Прожив в хижине два дня, он понял, что лучшего отдыха и быть не может. Самым приятным оказалось исчезновение времени — часы остановились, потому что он забыл завести их после пьянки со старим Фонтэйном, и время остановилось тоже. Дни стояли мглистые, бессолнечные, на много миль вокруг не было ни одной фабрики, по гудку которой можно было бы сверять часы, поезд в Мэплз-Вэлли проходил рано утром, и Фрэнк никогда его не слышал. Для него, привыкшего распределять свой день буквально по минутам, это «вневременность» составляла главную прелесть его теперешнего существования. Единственным ориентиром во времени остался календарь, на котором Фрэнк каждый вечер зачеркивал одну цифру.
Вставал он рано — в маленьких окошках едва брезжило утро, выстуженная сквозняками хижина казалась нежилой, вода в бочонке у двери успевала за ночь подернуться тонким игольчатым ледком. В одной пижаме он выскакивал наружу, делал гимнастику, обтирался снегом. Хозяйство его было несложным, но достаточно трудоемким: приходилось рубить дрова, стряпать, почти за полмили носить из ручья воду. Решив до конца вкусить всю прелесть дикарства, Фрэнк перестал бриться, и теперь то и дело удовлетворенно потирал на подбородке щетину. Сперва она кололась, а потом стала мягкой и податливой.

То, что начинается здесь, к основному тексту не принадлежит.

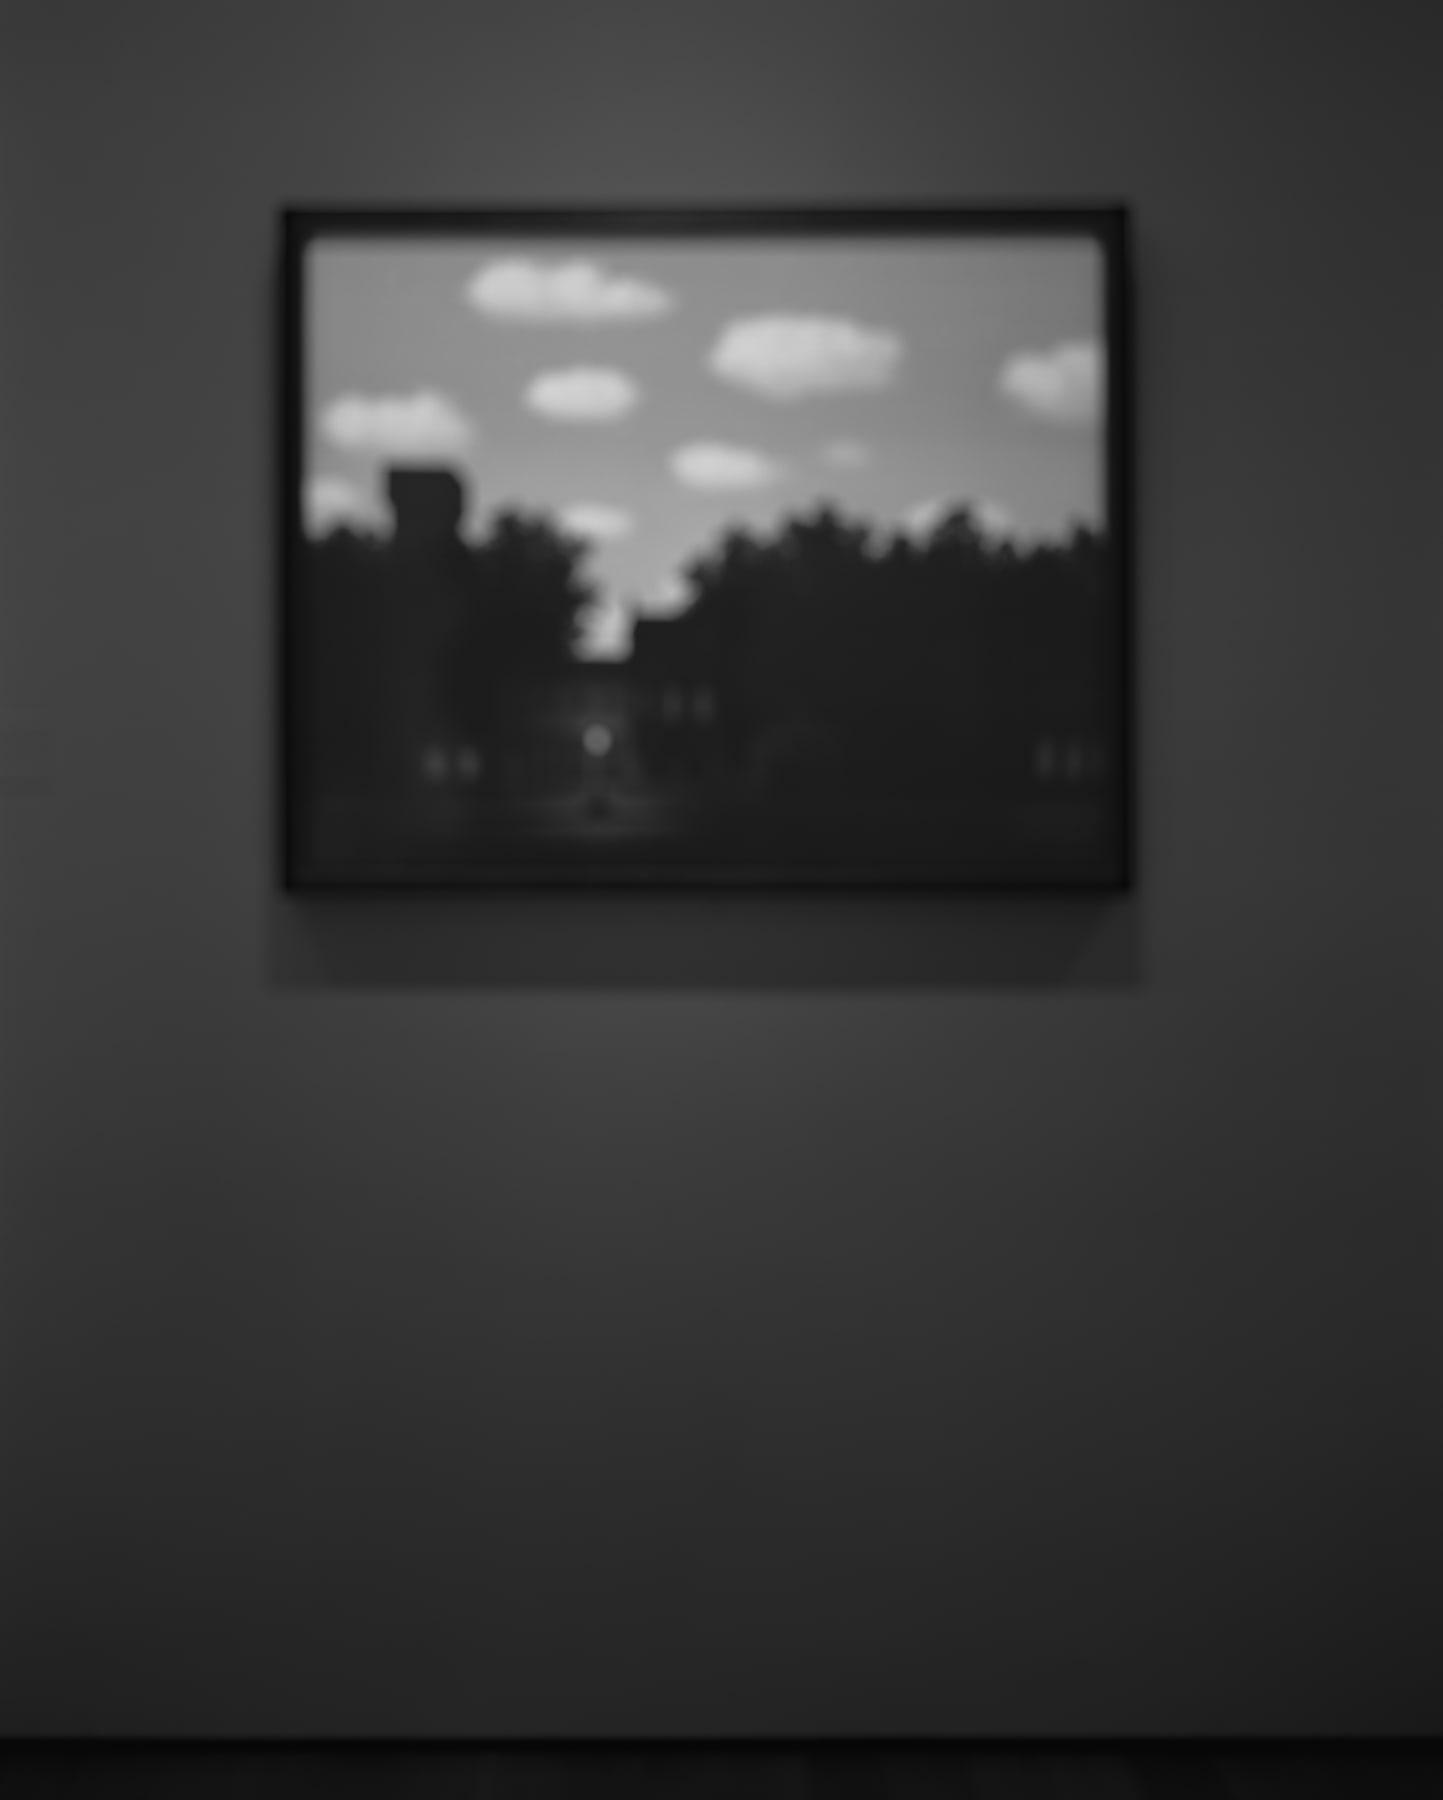 Hiroshi Sugimoto, Past Presence 057, The Empire of Light II, René Magritte, 2014
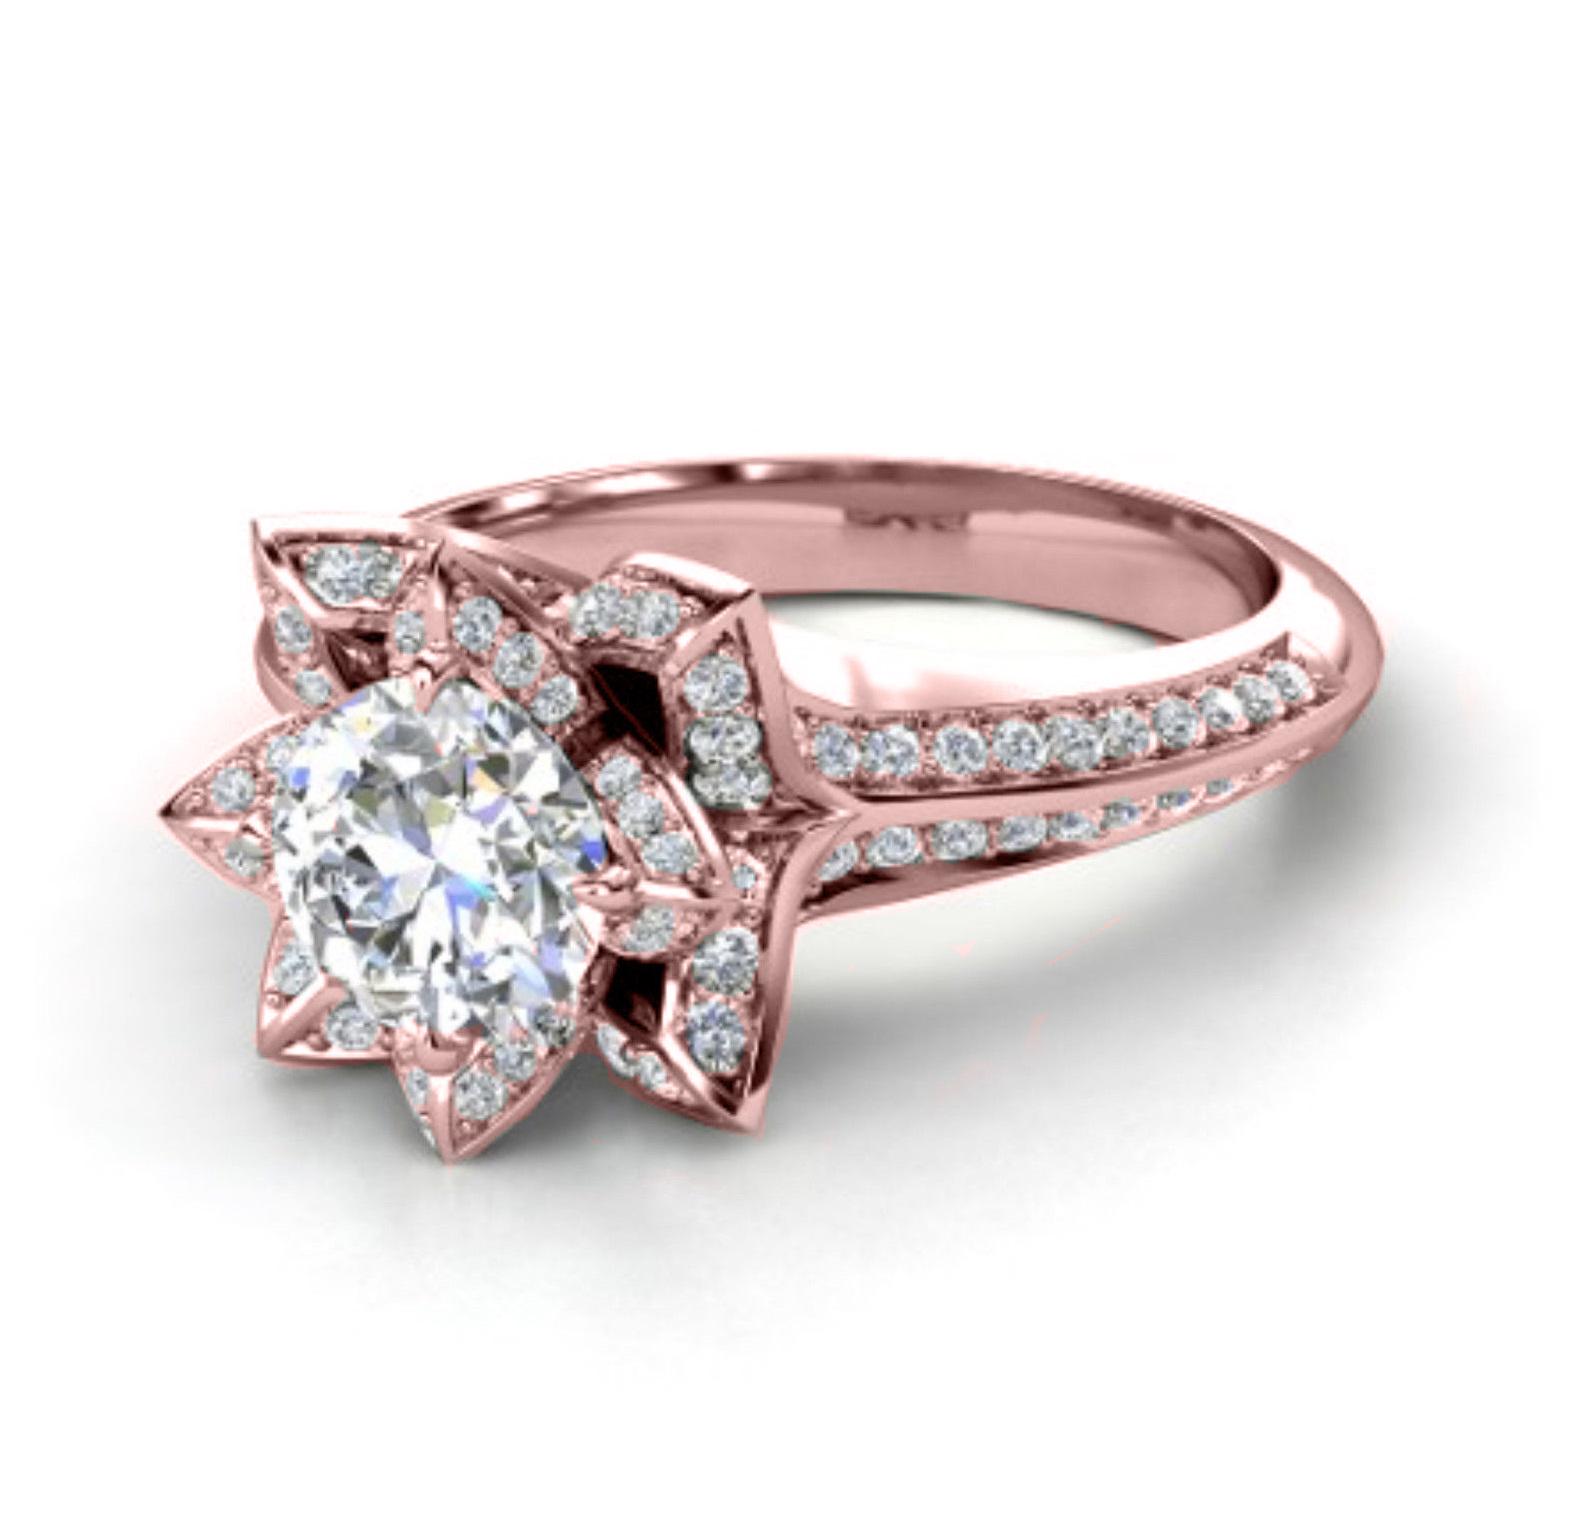 'Aspen' 2.10ct Flower White, Yellow or Rose Engagement Ring

Он много ходил на лыжах, всегда со старым отцовским «ремингтоном» за плечами — в надежде подстрелить какую-нибудь дичину. Но крупная дичь что-то не попадалась, лишь однажды он увидел довольно близко небольшого уопити — олень оказался с наветренной стороны и не замечал опасности, но был так красив, что Фрэнк не прикоснулся к ружью. Потом он утешал себя, что все равно не сумел бы правильно разделать тушу.
По вечерам после ужина, вымыв и начистив золой посуду, Фрэнк сидел за столом под висящей в проволочном кольце керосиновой лампой и читал старые журналы. Ящик этих журналов, очевидно запасенных для растопки, он нашел на чердаке и очень им обрадовался. Журналы были в среднем его ровесниками — конца двадцатых годов, начала тридцатых, читать в них было нечего, но разглядывание старых фоторепортажей оказалось интересным занятием, вполне под стать всему стилю жизни в этой хижине.
О Беатрис он думал нечасто и уже как-то спокойно. Ее портрет стоял на полочке у кровати, рядом с последним снимком отца. Оба фото были почти одного размера: капитан Хартфилд, в мягкой фуражке полевого образца, широко улыбался, а девушка рядом с ним очень серьезно смотрела большими миндалевидными глазами. Однажды Фрэнк подумал, что вот так же, как сейчас присутствует в хижине портрет Трикси, могла бы присутствовать она сама. Они спали бы на этой кровати, и по утрам он вставал бы первый и готовил кофе, а она следила бы за ним своими блестящими внимательными глазами, укутавшись до носа в меховое одеяло. И даже эта картина, представившаяся вдруг совершенно отчетливо, как недавнее воспоминание, не вызвала в нем боли.
Гораздо чаще думалось ему об отце — слишком многое напоминало здесь о нем. Дома, в первый же день, он нашел отцовский чемодан, пересланный тогда из армии с его вещами. Старый и вместительный, с широкими ремнями и солидными медными запорами, он лежал в кладовой, куда Фрэнк зашел за своими лыжами; его желтые кожаные бока были потерты и исцарапаны, а на крышке были еще видны полустертые, когда-то отпечатанные белой краской буквы «Кпт. Дж. А. Хартфилд». Фрэнк тут же забрал чемодан, переложив в него свои вещи из пластмассового, купленного на Юге.